Sunday, January 20, 2008

Sprint: Massive Cutbacks and Major Stock Fall

Sprint Nextel Corp., the third-biggest wireless carrier in the U.S., on Friday saw its shares suffer their biggest fall in more than 25 years after it lost more subscribers than analysts estimated and announced plans to fire 4,000 workers.

Sprint plunged $2.87, or 25%, the most since at least July 1980, to $8.70. The company said about 683,000 contract customers left last quarter, more than the 200,000 estimate of Robert W. Baird & Co. analyst William Power.

The subscriber slump brings defections to 1.2 million in 2007, prompting Chief Executive Daniel Hesse to get rid of about one-fifth of Sprint's retail locations. Hesse replaced CEO Gary Forsee in December, taking charge of a company that has struggled to absorb the $36-billion purchase of Nextel and offer phones to compete with Apple Inc.'s iPhone, which is serviced by AT&T Inc.

"The subscriber numbers look pretty ugly," Power said. "It's not getting better."

Before the Nextel acquisition in 2005, the companies' combined market value was about $70 billion. Today, Reston, Va.-based Sprint is worth about $24 billion, a drop of almost two-thirds.

Larger rivals AT&T and Verizon Communications Inc., the co-owner of Verizon Wireless, each saw their shares fall more than 3%.

"There's just fear that telecom companies are not going to have good numbers," said Todd Rosenbluth, an equity analyst at Standard & Poor's.

Sprint's staff reductions, about 6.7% of the workforce, will cost $200 million.

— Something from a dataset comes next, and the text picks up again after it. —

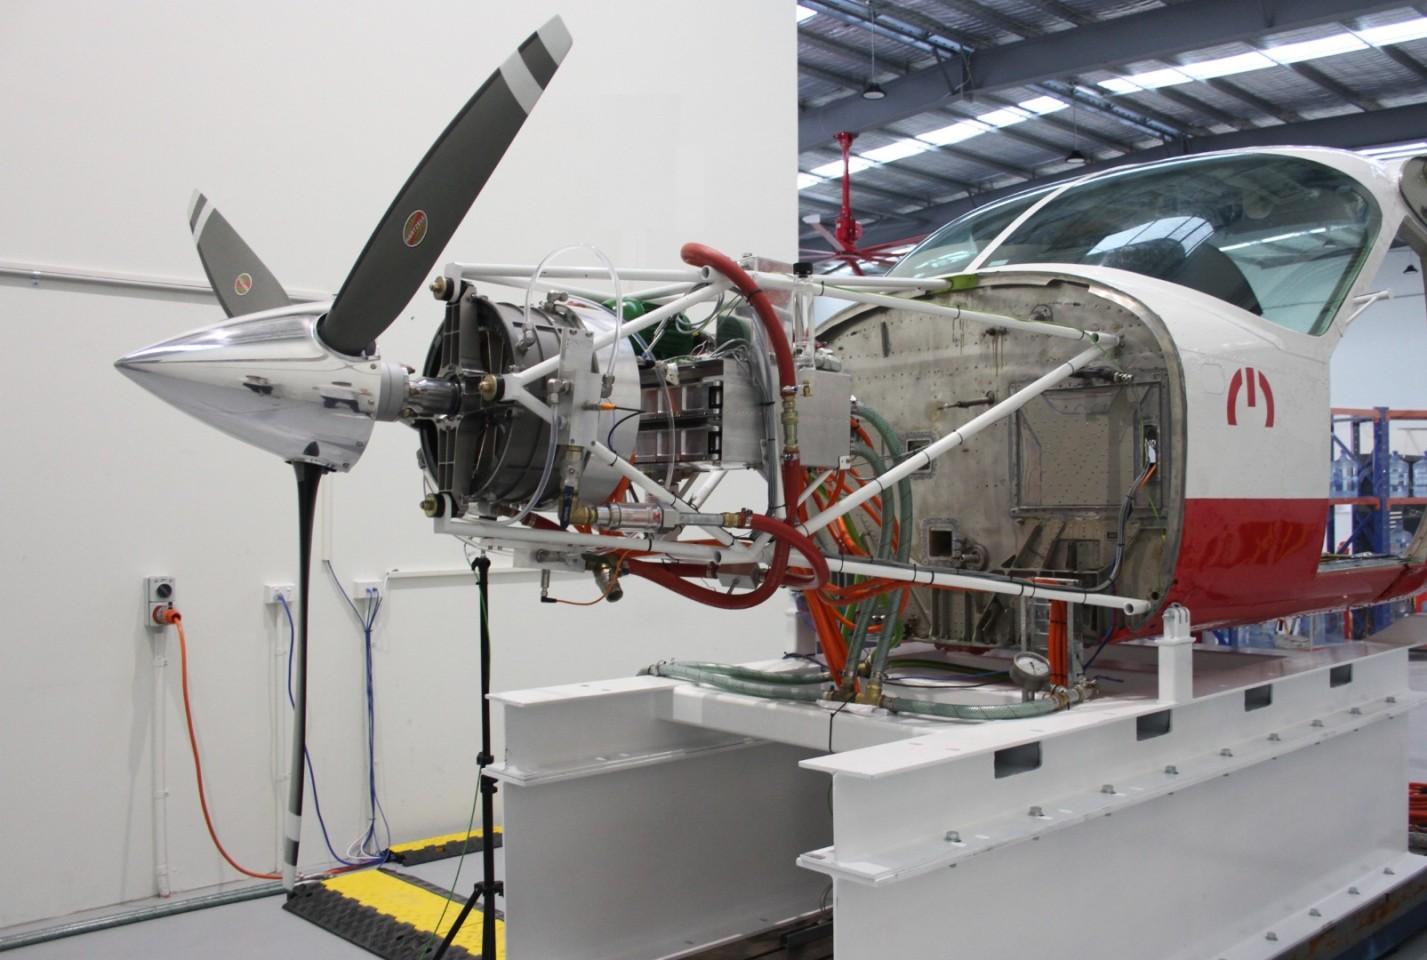 Magnix's magni500 propulsion system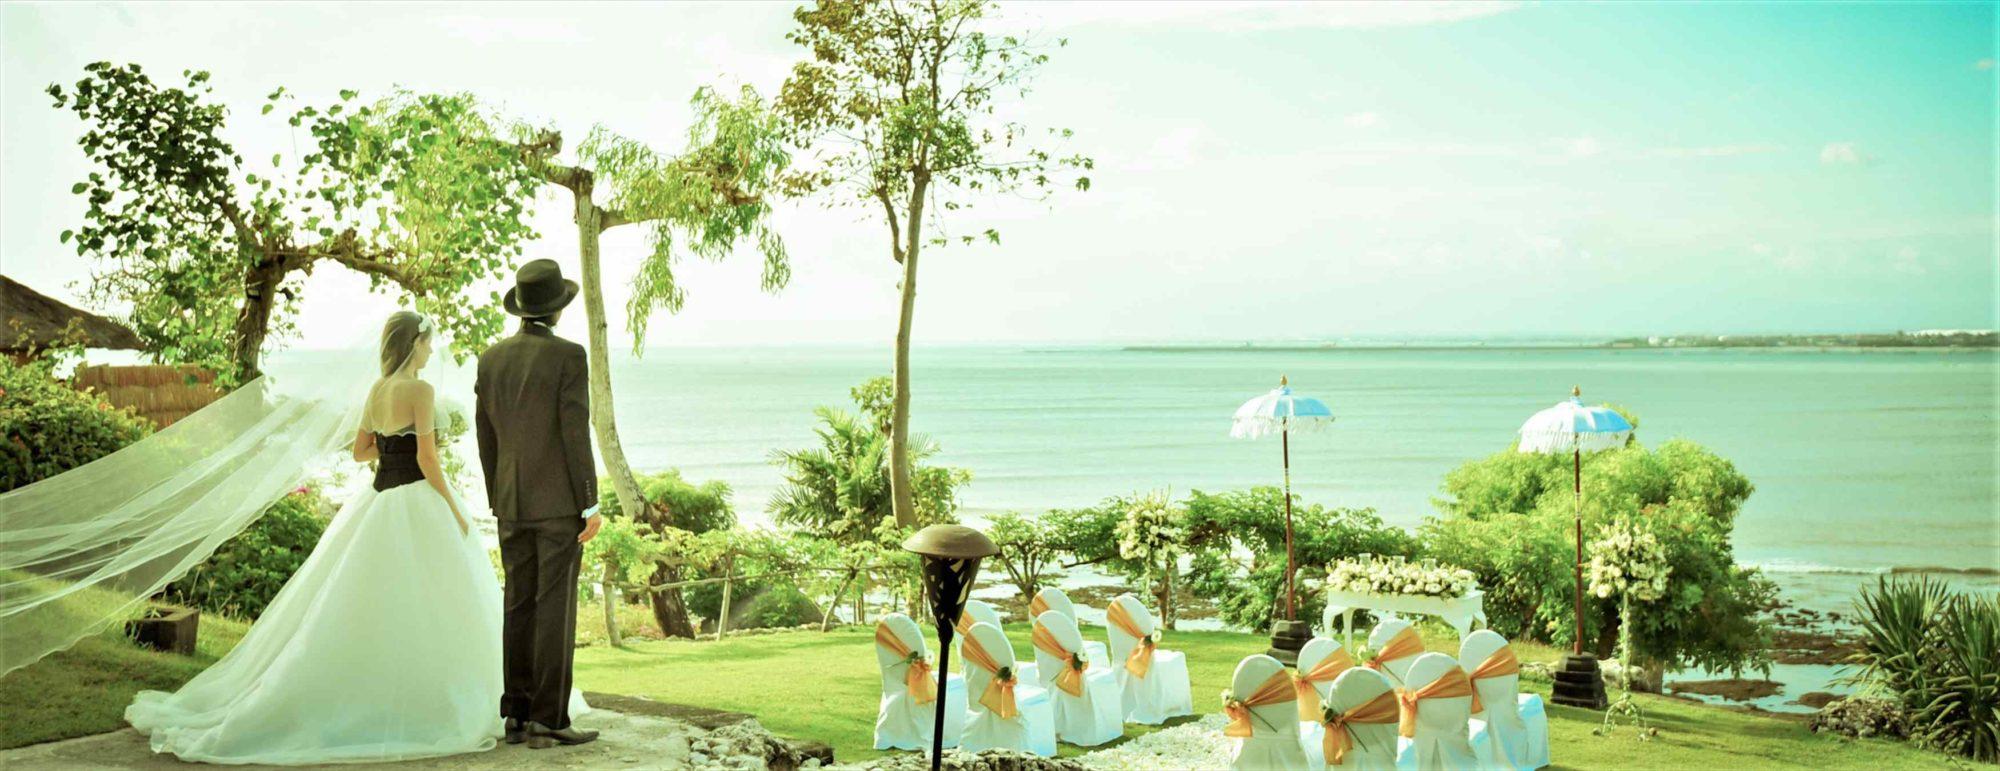 Fourseasons Resort Bali at Jimbaran Bay<br /> フォーシズンズ・リゾート・バリ・アット・ジンバラン・ベイ

They will help save as much as $800 million a year, the company said. The job cuts, which will happen in the first half of the year, will apply to employees across the board, including managers.

Sprint also plans to close about 125 company-owned stores and get rid of 4,000 resellers. The company said it hadn't determined how much the closings would cost.

Sprint had about 54 million customers at the end of the year. The rate of contract customer turnover, or churn, was 2.3%, the same as in the previous quarter. The company will report full results Feb. 28.

Fitch Ratings cut the company's debt rating one level to "BBB-," the lowest above junk status, on the news. The firm said Sprint might have trouble winning "prime" subscribers amid growing competition and slowing economic growth.

Sprint said the number of customers disconnected for nonpayment rose last quarter.

AT&T and Verizon Wireless have lured Sprint's subscribers with better call quality and popular handsets such as the iPhone and LG Electronics Inc.'s Chocolate.

Both companies beat Sprint last year in a J.D. Power & Associates Inc. study on dropped calls, interference and failed connections.